All strong compliance programs adopt privacy by design and defense in depth. This starts with reasonable technology controls.

DCRs already establish access and rights controls. DCR users or DCRs also deidentify consumer data. However, diligence by DCR users is required to ensure that such controls are sufficient. For example, there has been much debate about what steps are required to truly deidentify information.

Regulators at the state and federal level have tried to provide guidance on this question. For instance, the Health Insurance Portability and Accountability Act provides concrete guidelines on how protected health information can be considered deidentified. The HIPAA safe harbor deidentification is satisfied when specific patient identifiers, or identifiers of related persons, are removed so that a covered entity has no actual knowledge to reidentify the patient.

Once the protected health information is deidentified, it is not considered protected health information, and the restrictions on its use or disclosure are much less stringent. These concepts should be addressed in any agreement with the DCR. In addition to diligence, companies engaging DCRs or similar devices should consider additional administrative controls.

Consumer Notice and Consent

Organizations should implement clear notice and consent process about using a DCR to analyze consumer information. As with the application of any new technology, businesses should review and update their privacy policies to provide consumers notice and obtain consent to make sure they cover the full range of potential uses and sharing, such as the use of DCRs.

For example, the business should comply with the rules they notified and obtained consent from consumers about, including the use of DCRs, to ensure that a reasonable consumer would expect such uses and/or sharing.

This requires tagging the data with consent rules to align with the consumer’s expressed desires. The business can then limit where that personal information is being disclosed, shared or sold to align with the consumer’s consent.

Vendor Management

A DCR provider who has access to the datasets could cause the personally identifiable information to leave the DCR. To prevent issues from arising, a business must have a solid vendor management program.

While there are no one-size-fits-all solutions, business should consider several factors as part of their vendor management programs. A business should review the state privacy laws to check if their vendors qualify as service providers under that law.

If a vendor qualifies, the business should specify in the vendor contract the purpose of processing personal information; restrictions prohibiting the vendor from retaining or disclosing information; protocols in the event of a security incident; confirmation that the vendor will cooperate in the business’s compliance with privacy laws; and the vendor’s responsibility of maintaining reasonable security practices and properly segmenting data they process on behalf of the business.

It would also be helpful to include the business’s right to audit the vendor’s security practices, authorize or object to the vendor’s subcontractor selection, and require the vendor’s subcontractor to have the same obligations as the vendor.
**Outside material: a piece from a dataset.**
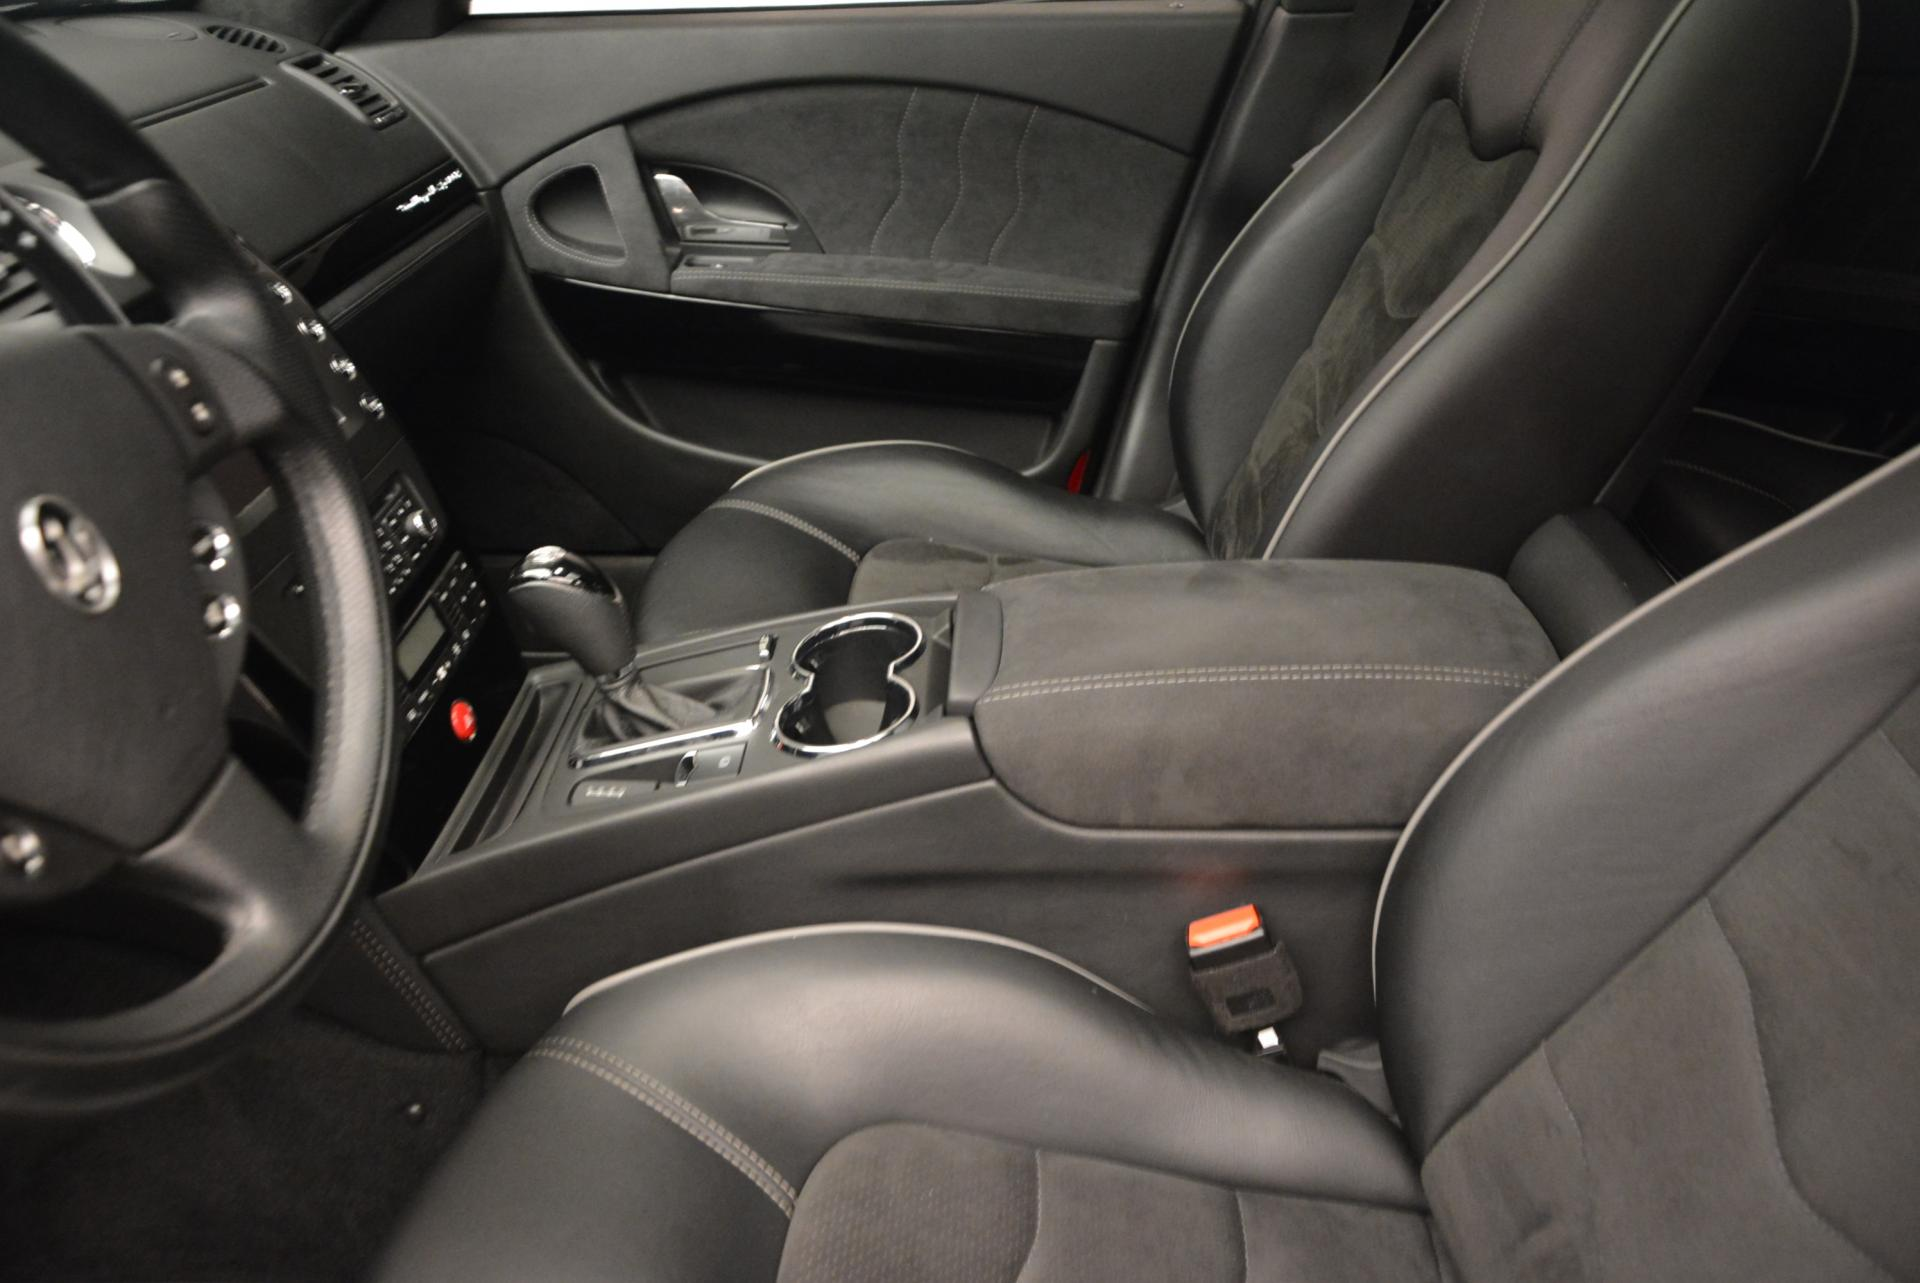 Used 2011 Maserati Quattroporte Sport GT S For Sale In Westport, CT 531_p15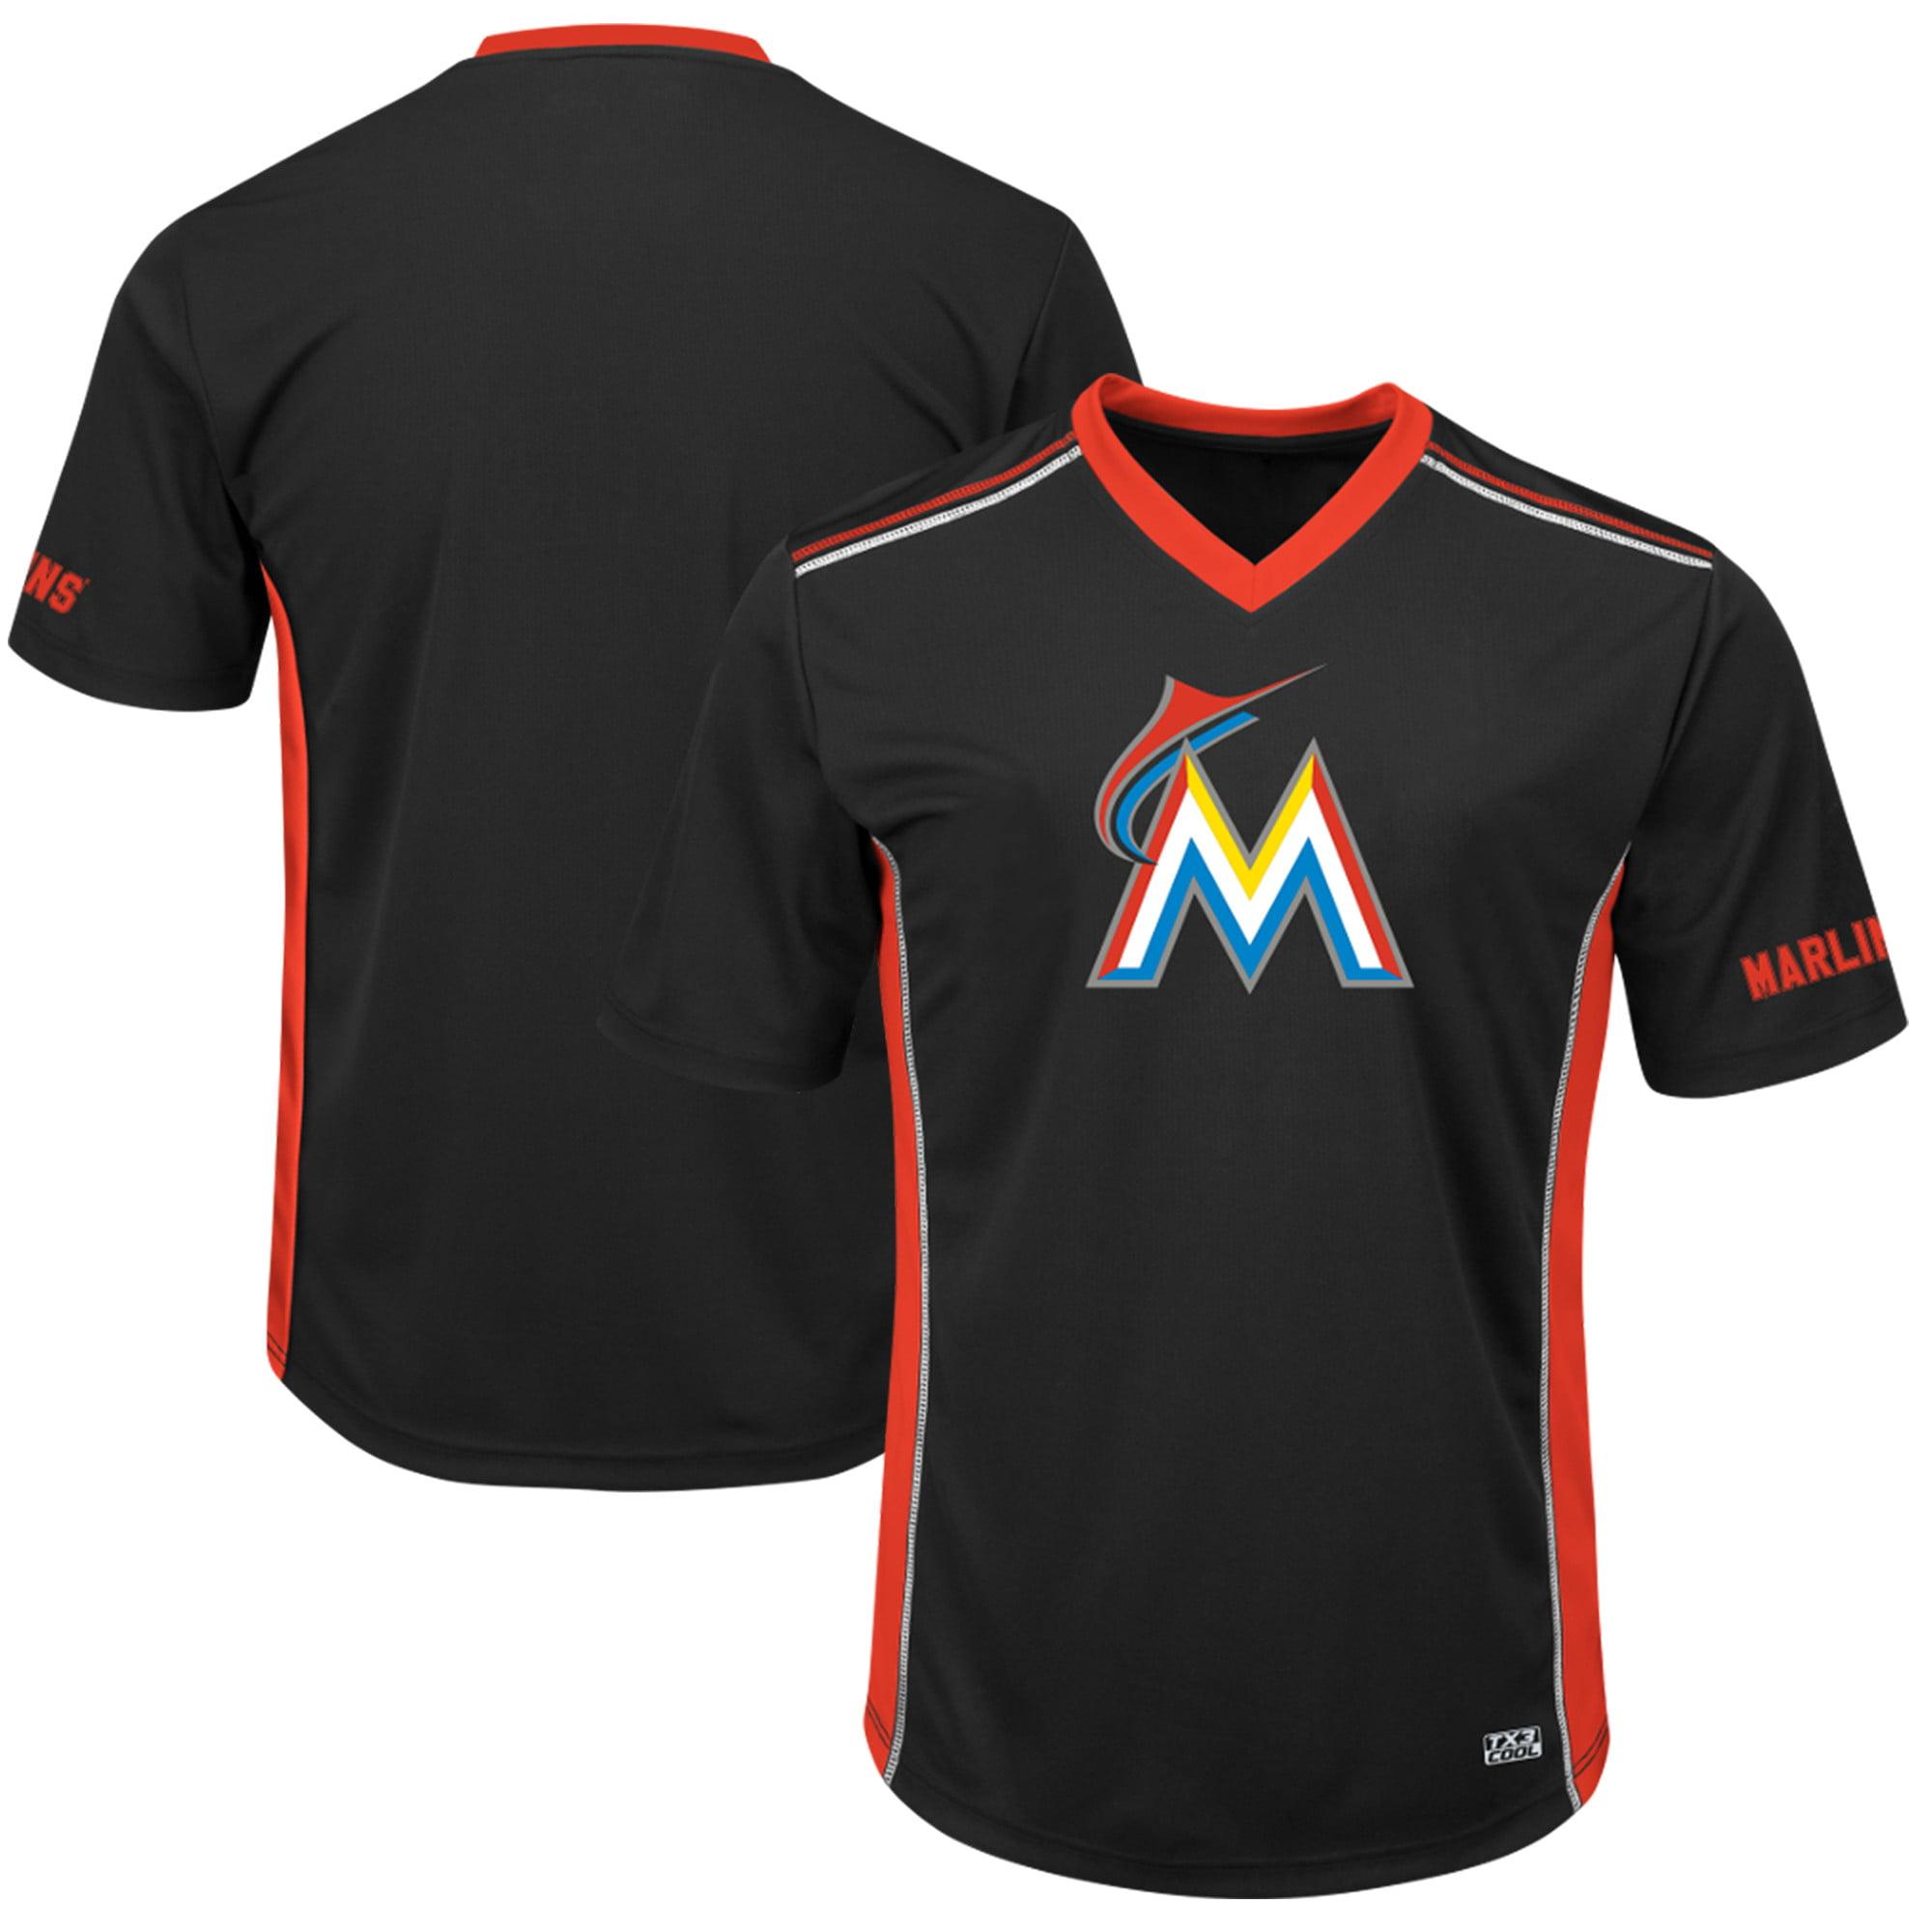 Men's Majestic Black/Red Miami Marlins Big & Tall Memorable Moments T-Shirt

Businesses engaging DCR provider vendors should additionally consider the vendor’s work procedures and policies regarding data deidentification and ownership of the data. Companies during their due diligence in choosing a vendor should test administrative controls and security procedures the vendor has in place to make sure the DCR and the data processed in it will remain deidentified and accessible only to necessary employees.

Furthermore, businesses should consider who has the right over the processed data that comes out of DCRs. Data ownership, trade secret and copyright issues can arise when the business and vendor do not discuss in advance who has rights over the analyzed dataset. Setting up a contributory model — a set of defined guidelines that allow contributors to add to the system — could also be helpful in leveraging proper administrative controls over the data.

DCRs offer a robust solution for organizations that seek to improve their customer experience while also protecting customer privacy. When equipped with appropriate security measures, DCRs can mitigate businesses’ reidentification concerns, enabling businesses to analyze data and tailor products and services to meet customer needs.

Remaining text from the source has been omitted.